Eccles: So, you had some training? You’ve been through it before!
Ramanna: Hah! One mentor called me a “troublemaker,” endearingly, I hope.
Eccles: How did you get to Oxford?
Ramanna: I got a message from the dean here at the Blavatnik School of Government at Oxford saying that they were looking for a first director for their new Master of Public Policy program, and would I be interested in applying? And I thought, well, I’d be an unusual candidate for this, given that I’ve never taught in a school of government, although by then I had a fair bit of experience teaching public leadership. But it was exactly the kind of broadening I wanted in my career next. So, when I got the professorship here, I couldn’t say no. It was the chance to be at the beginning of something important and timely. And I got to build the Oxford Case Centre on Public Leadership as well. This was important to me as so much of my research is case based.
Eccles: And then how did you and Bob reconnect and where did the whole idea for E-ledgers come from?

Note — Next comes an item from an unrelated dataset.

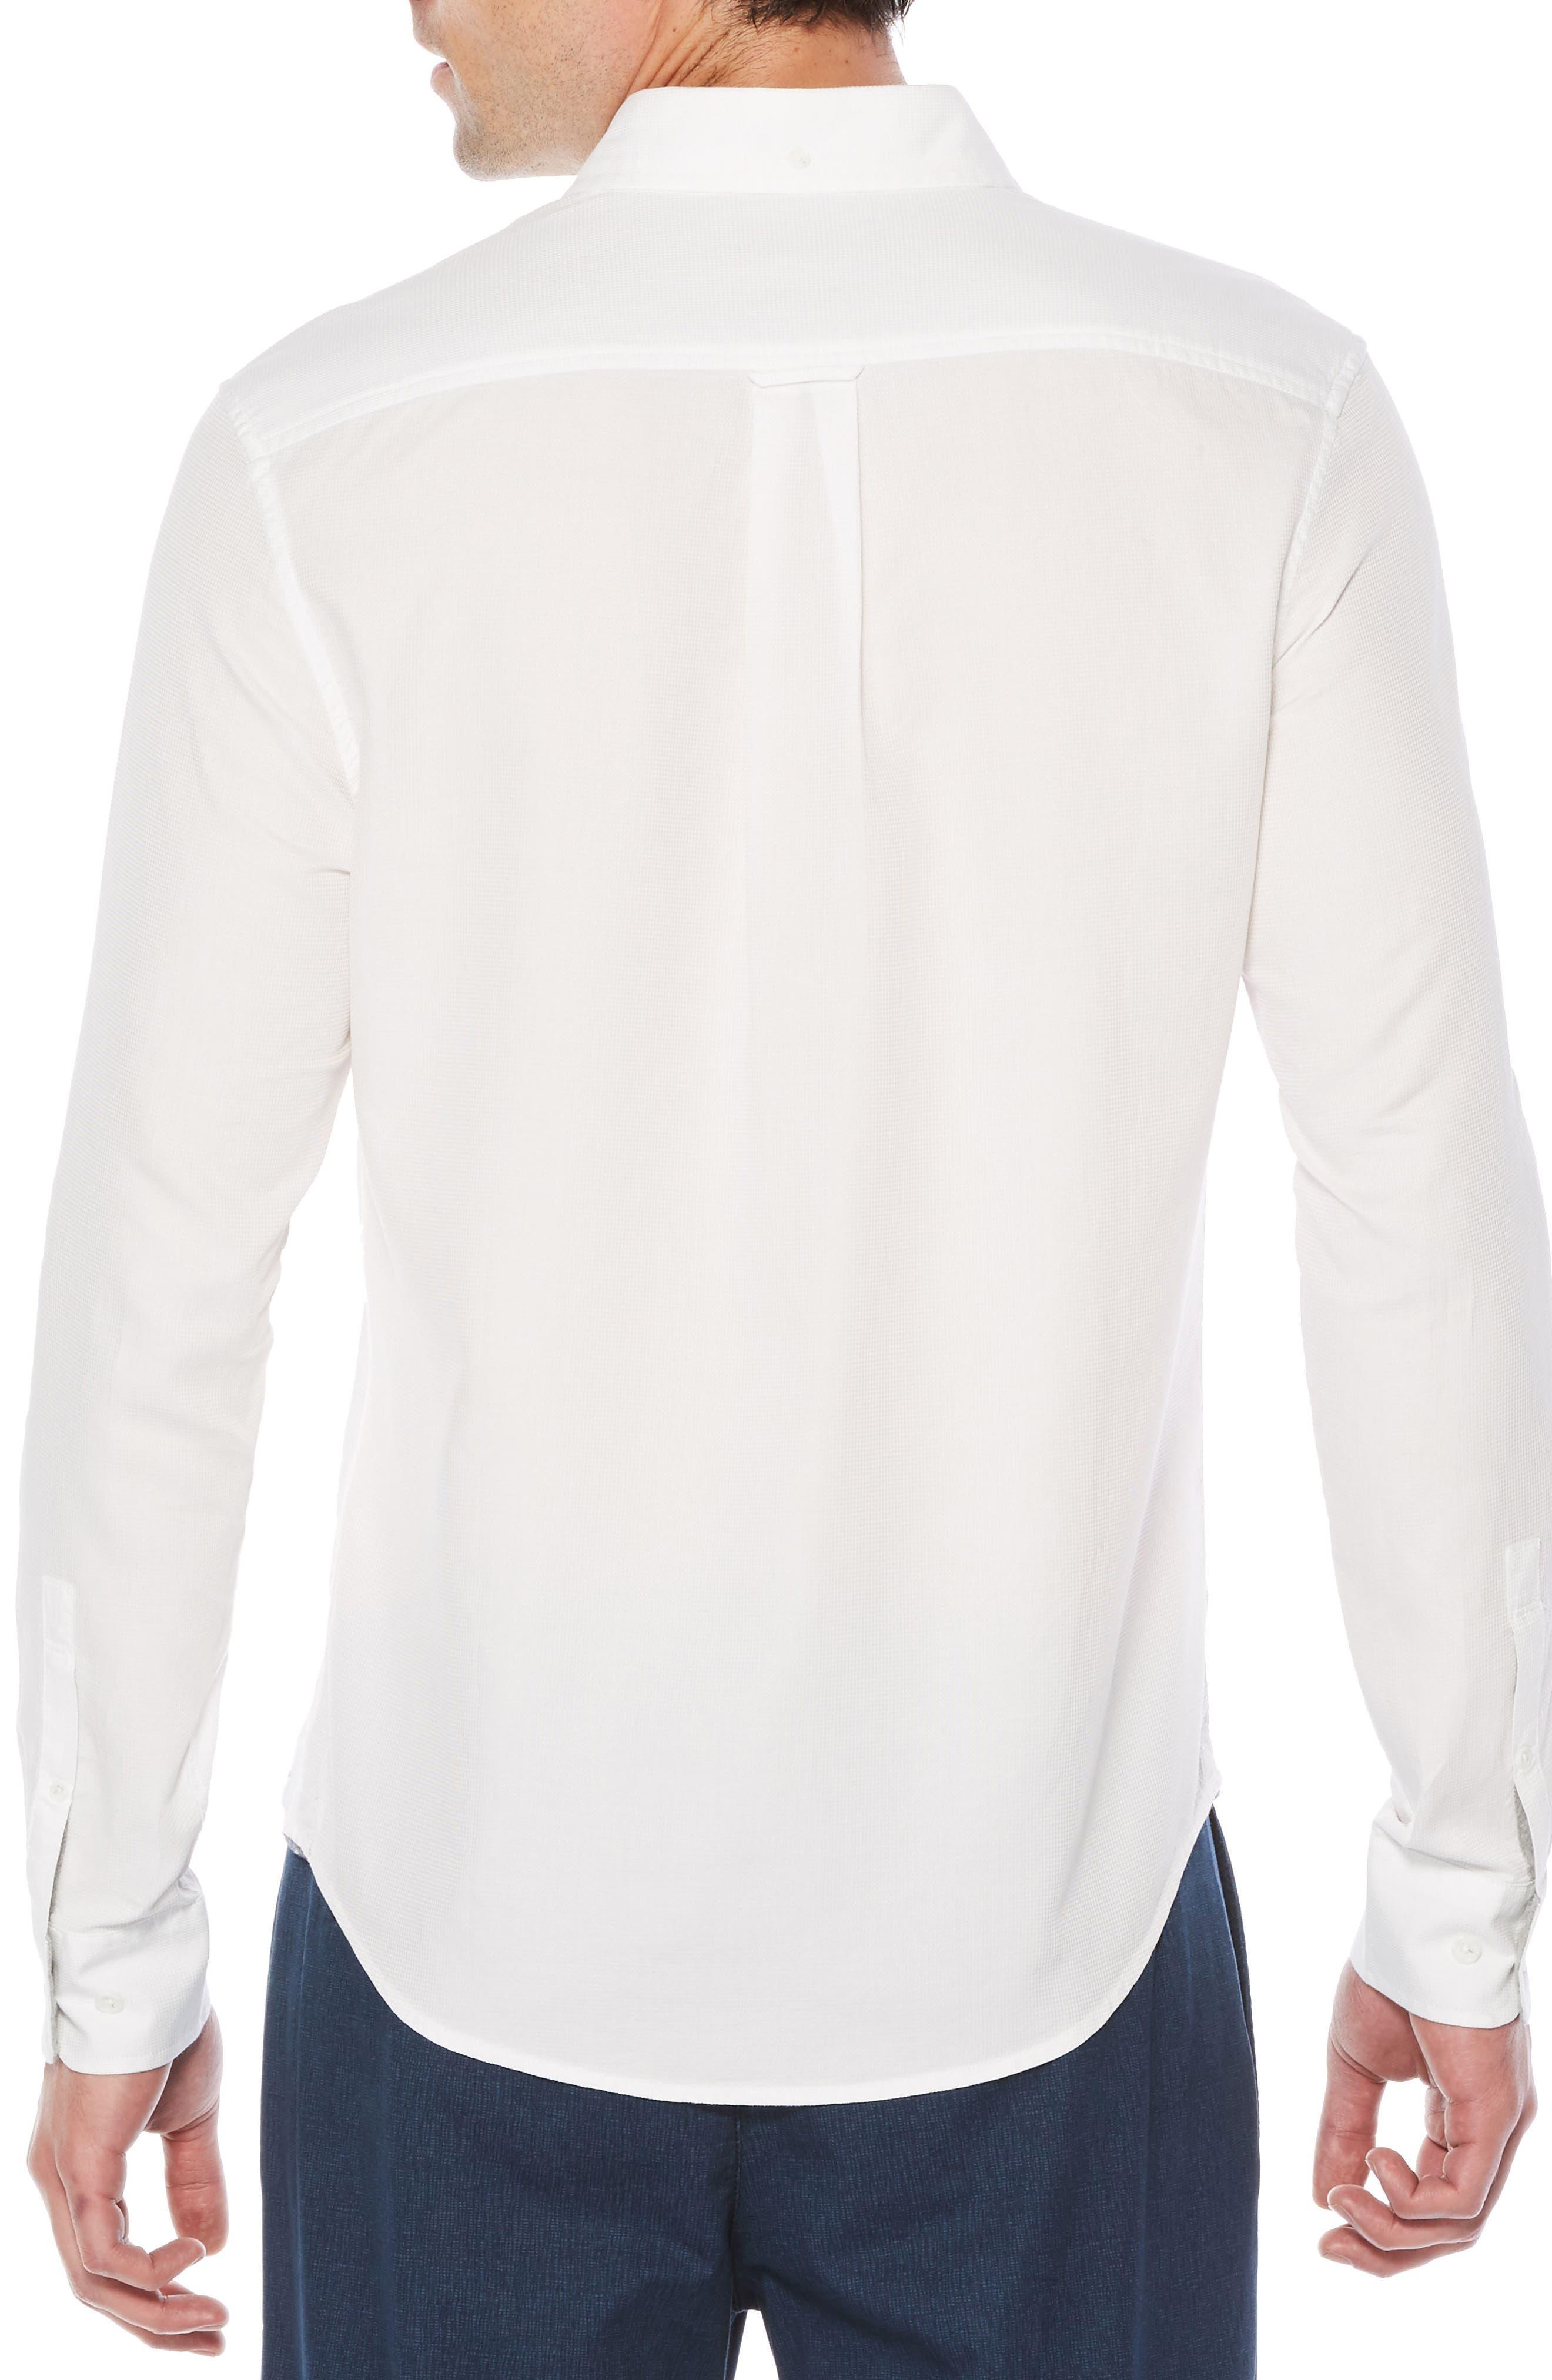 Woven Shirt,                             Alternate thumbnail 4, color,
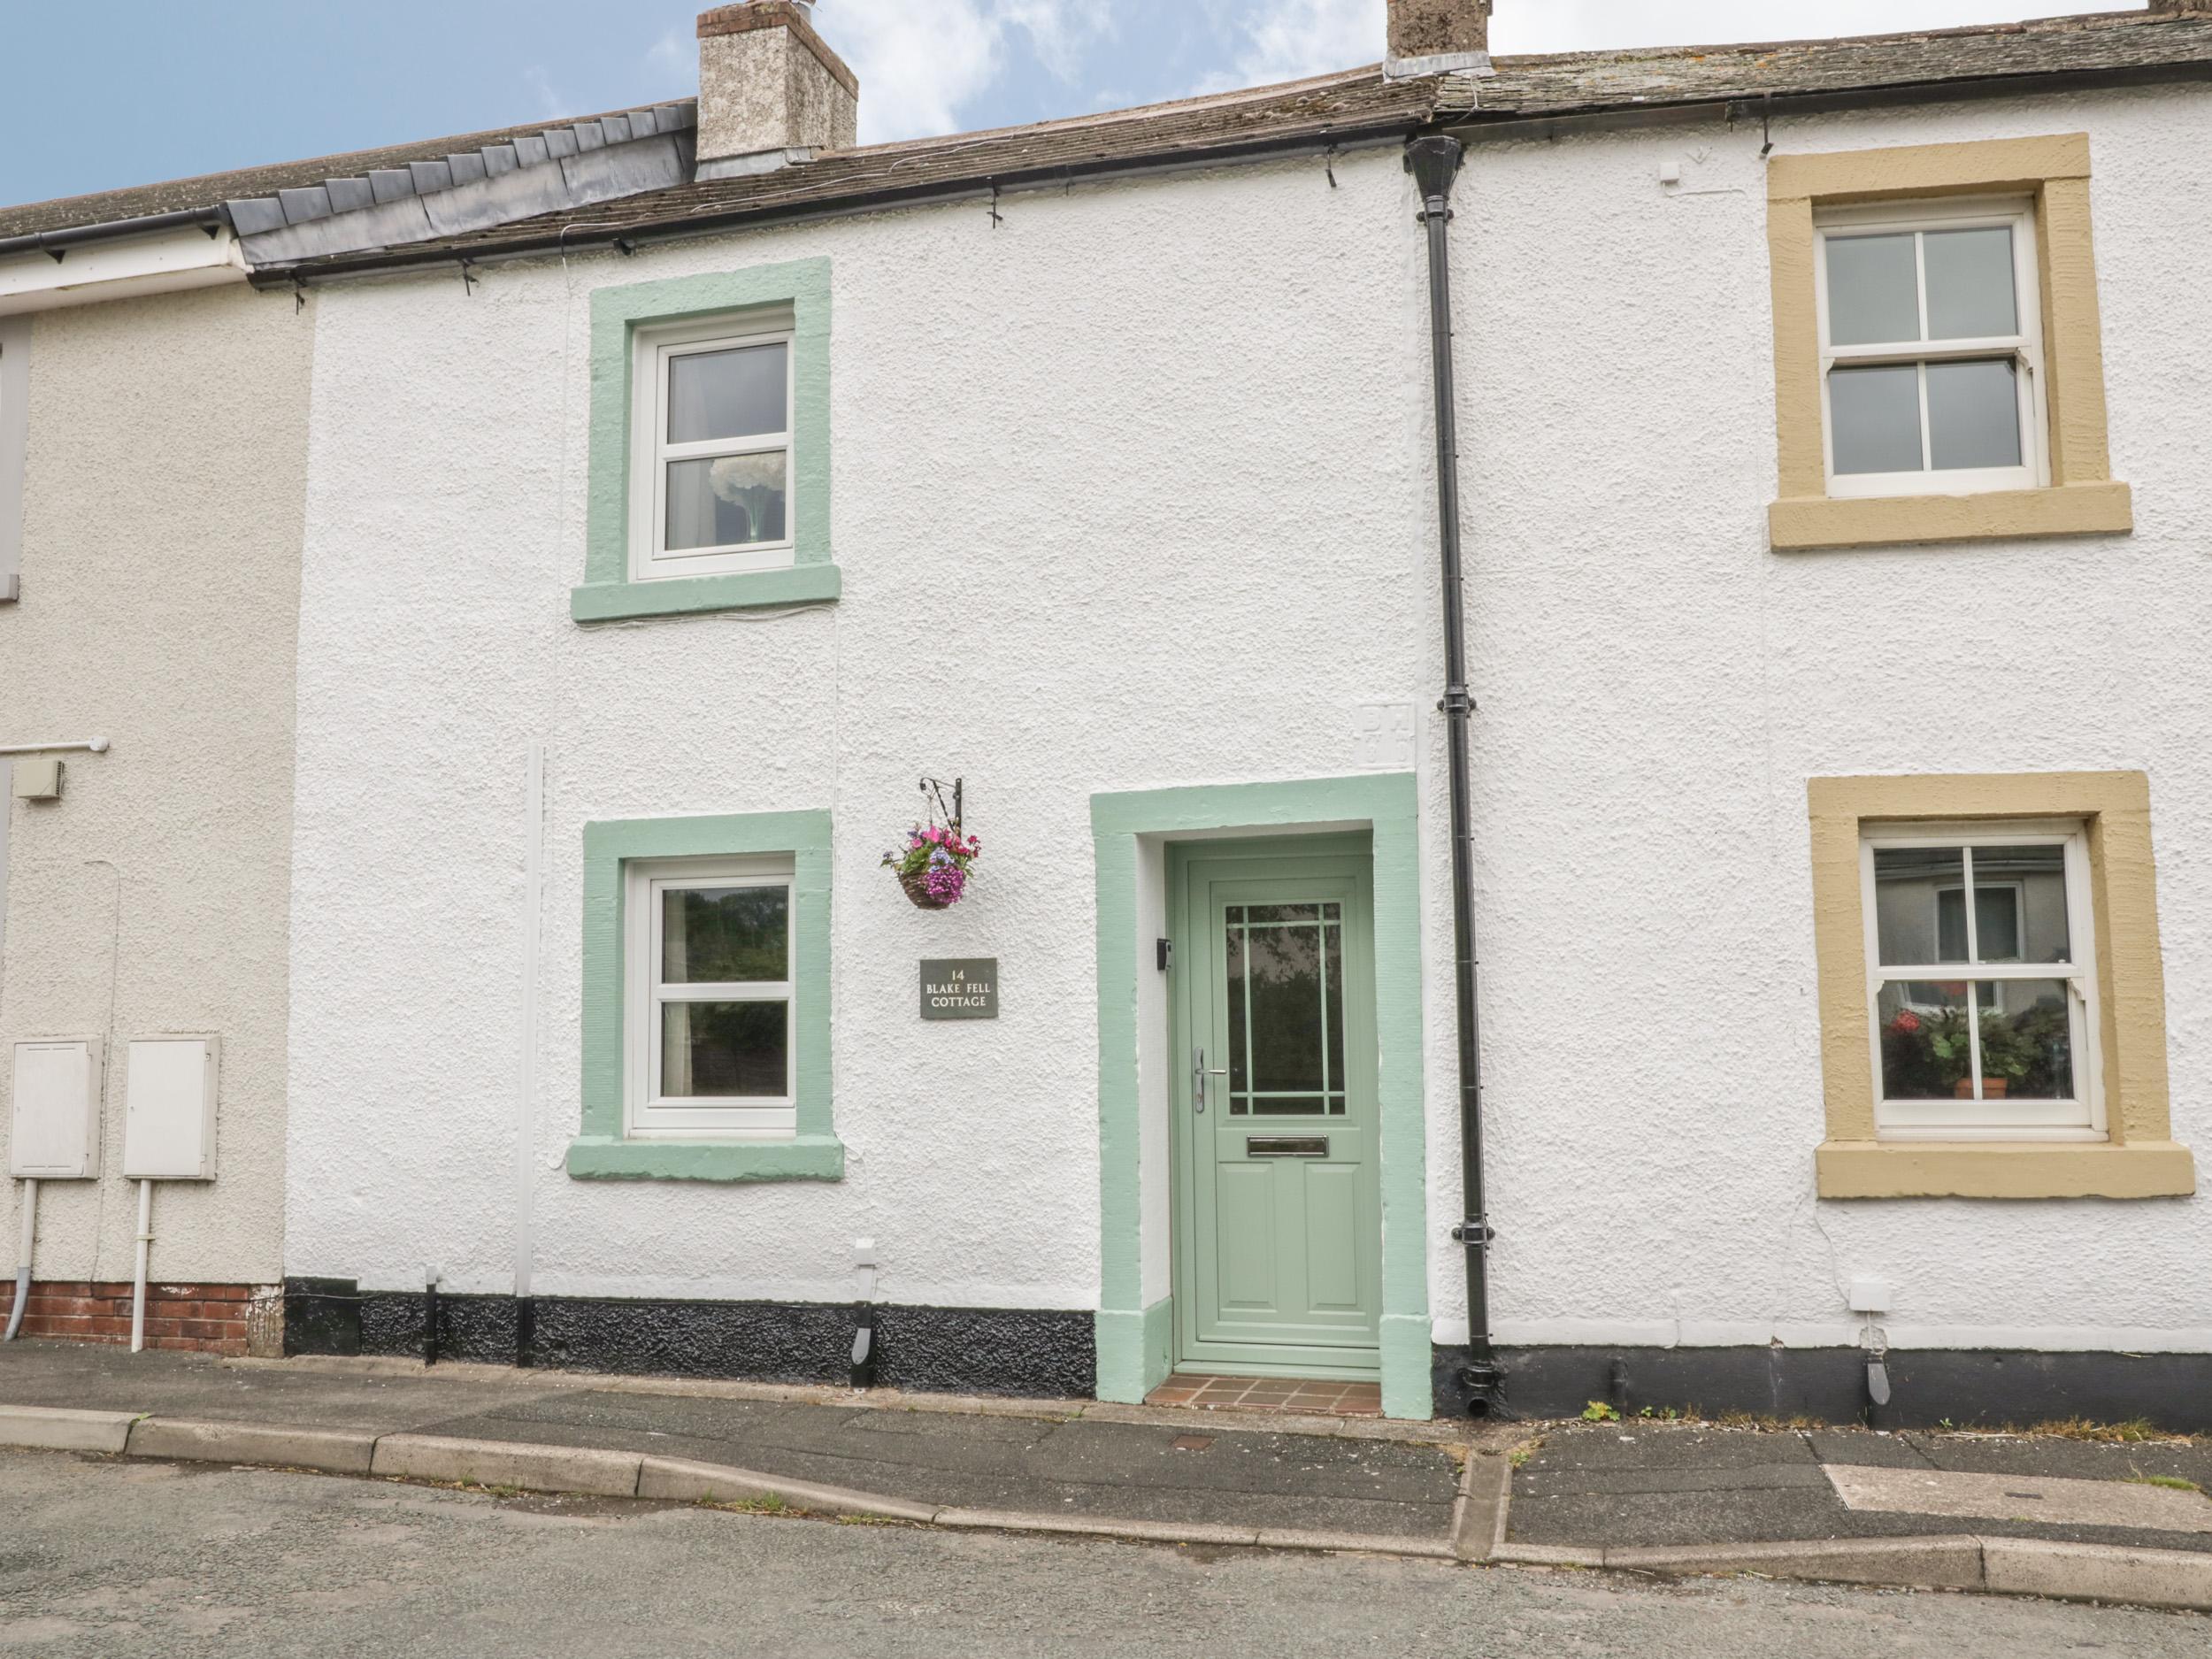 Blake Fell Cottage

Ramanna: It was during the depths of COVID, January 2021, and I was busy managing the Oxford MPP. I got a call from Annette Mikes, who is an old friend and a professor of accounting in Oxford’s business school. And she said, I’m running this workshop on corporate sustainability, and there is a paper I want you to discuss on carbon accounting. I said, Annette, I’ve got my plate full. She pushed back: Come on, there’s a pandemic, it’s not like you can go anywhere, so just show up on a Zoom screen and, you know, discuss the paper.
So, I did.
The paper itself was okay, but it kept referring to this thing called Scope 3. I hadn’t been very plugged into developments in carbon accounting, so I went and read the Greenhouse Gas Protocol (GHGP) again. I was surprised, to say the least, because it looked like a disclosure policy with a particular outcome in mind – reducing fossil-fuel use. It’s not necessarily a bad outcome, but policy outcomes should not be used to bias accounting processes. So, that was the thrust of my comments at the conference: “Scope 3 is not accounting.” There was, shall we say, some pushback. But in the audience, as one of the Zoom tiles, was Bob Kaplan. And he wrote me afterwards to say he agreed with me.
So, we got to work on a solution – I sent him in a first outline of what would become E-ledgers in February 2021, and after some back and forth, we had a draft paper that we posted to SSRN and submitted to the Harvard Business Review. To our surprise, they got back to us almost immediately saying they would publish it. That’s when we suspected we might be on to something.
Incidentally, in preparing for this interview, I remembered that you had invited me to present at a conference you organized on sustainability accounting at Harvard in 2011, back when we were both there. The GHGP and other platforms were still early in their development, and I did a talk saying their structure wouldn’t work because it was flow-only, whereas accounting needs to have stocks and flows. I got little support from the room, so I dropped it, except it turns out for Bob Kaplan, who was also there and sent me an email later endorsing my analysis. It’s funny how things work out.
Eccles: Fun and good memory! Okay, so bring us up to speed. Where is E-ledgers now?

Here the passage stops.